• **Data section**
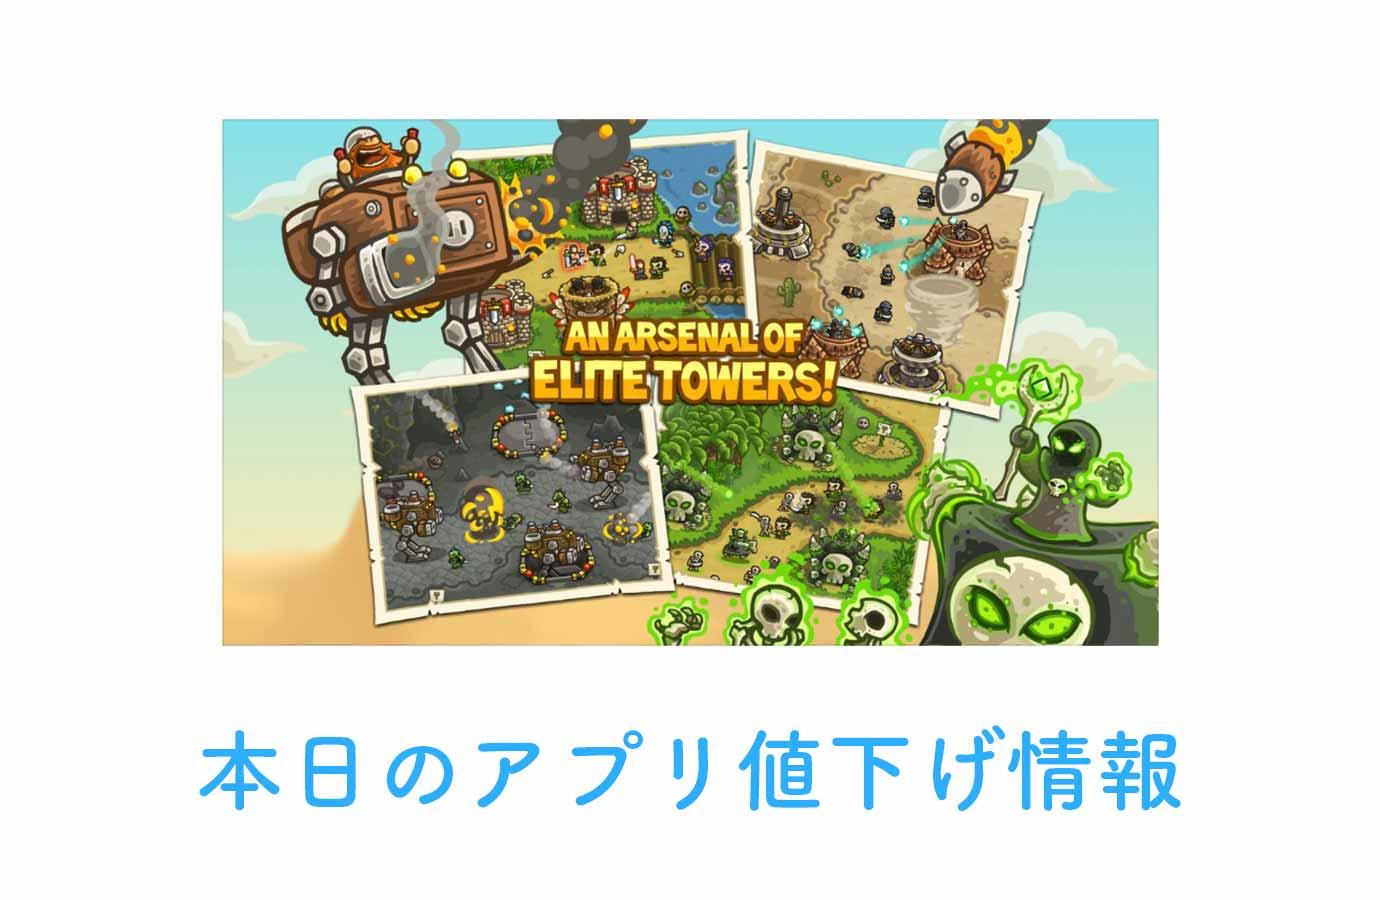 240円→120円!人気タワーディフェンス「Kingdom Rush Frontiers」など【10/31】アプリ値下げ情報
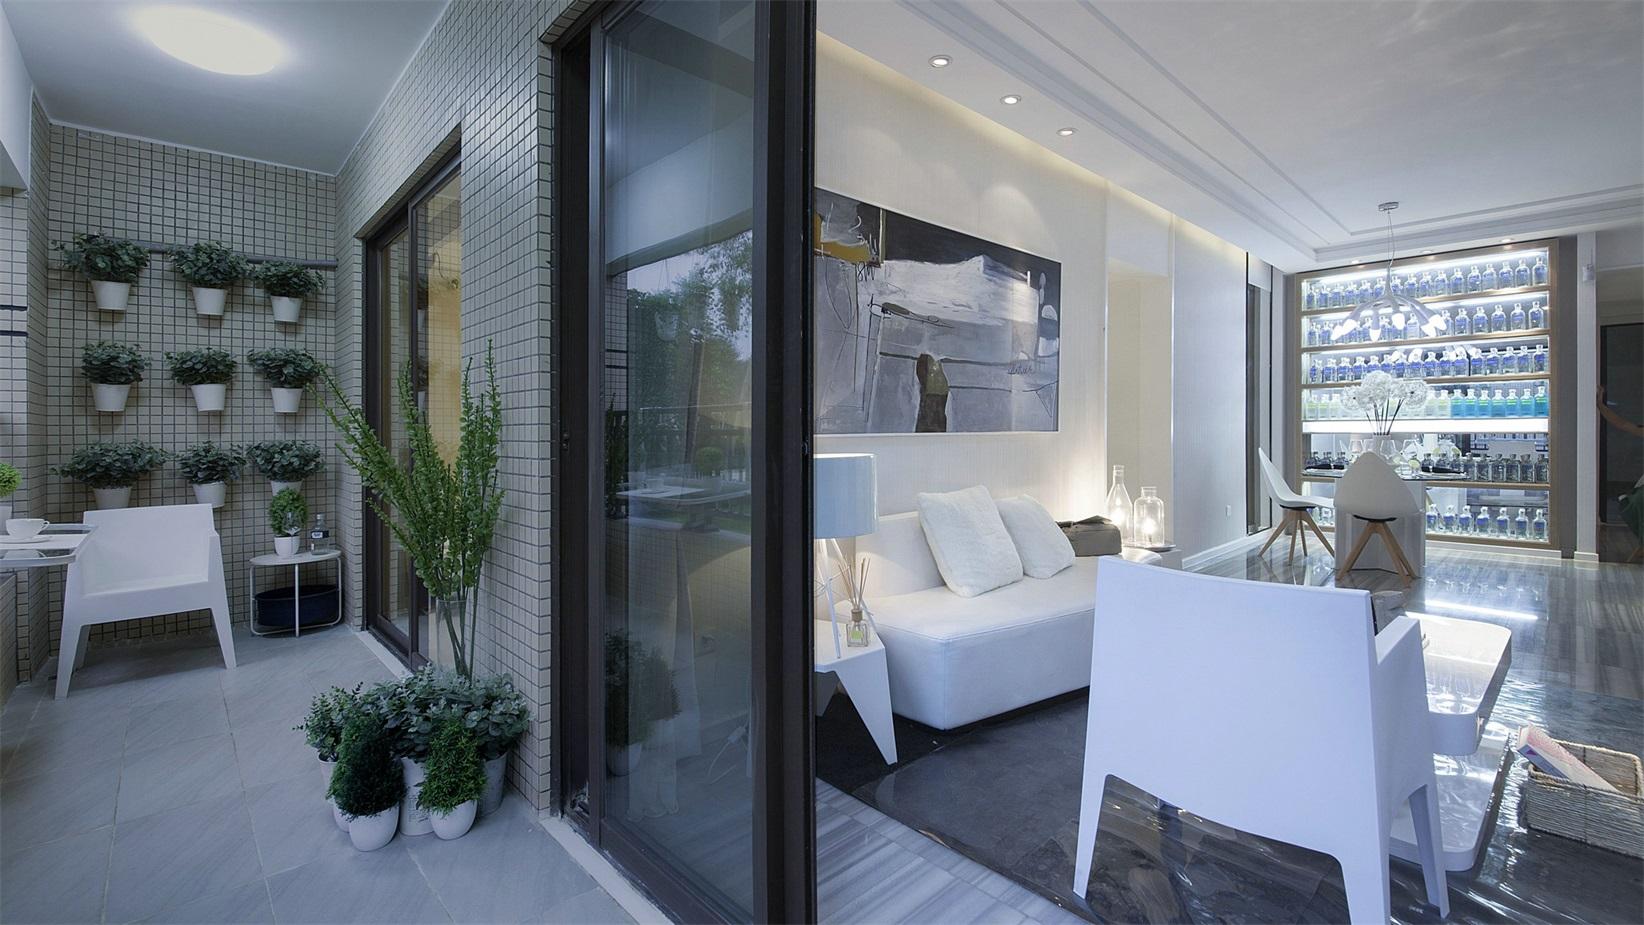 阳台面積宽敞,設計師将其设计为小型花园,放置上休闲椅凳,打造出休闲区。
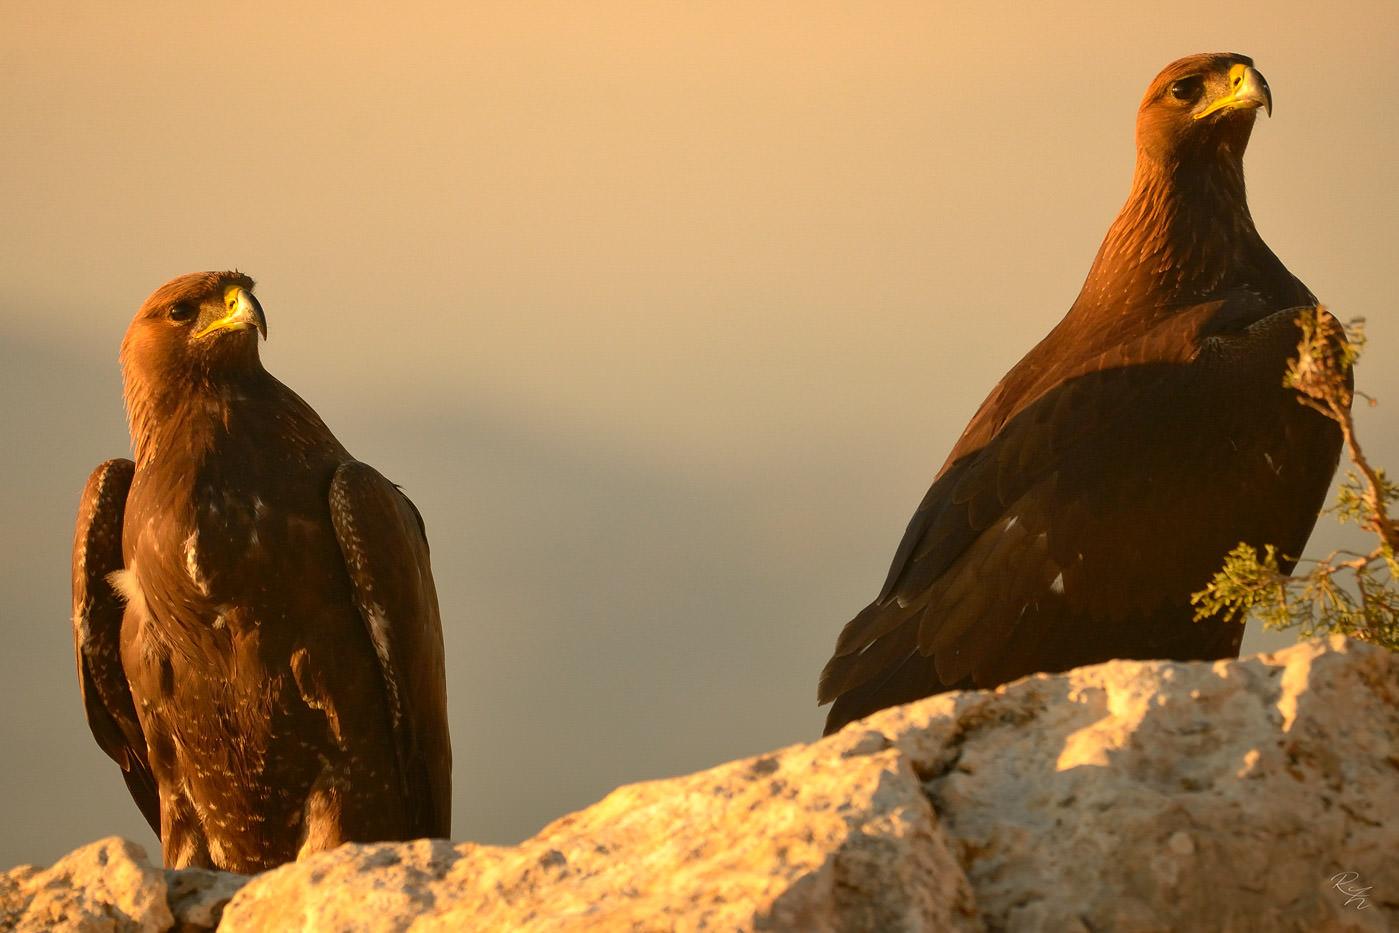 Беркут (Águila real) или Золотой орел (фото:Rafael Zacher)

• **Work to complete**
Pictures aside, reproduce the listing above exactly.

• **Response below**
 240円→120円!人気タワーディフェンス「Kingdom Rush Frontiers」など【10/31】アプリ値下げ情報
 阳台面積宽敞,設計師将其设计为小型花园,放置上休闲椅凳,打造出休闲区。
 Беркут (Águila real) или Золотой орел (фото:Rafael Zacher)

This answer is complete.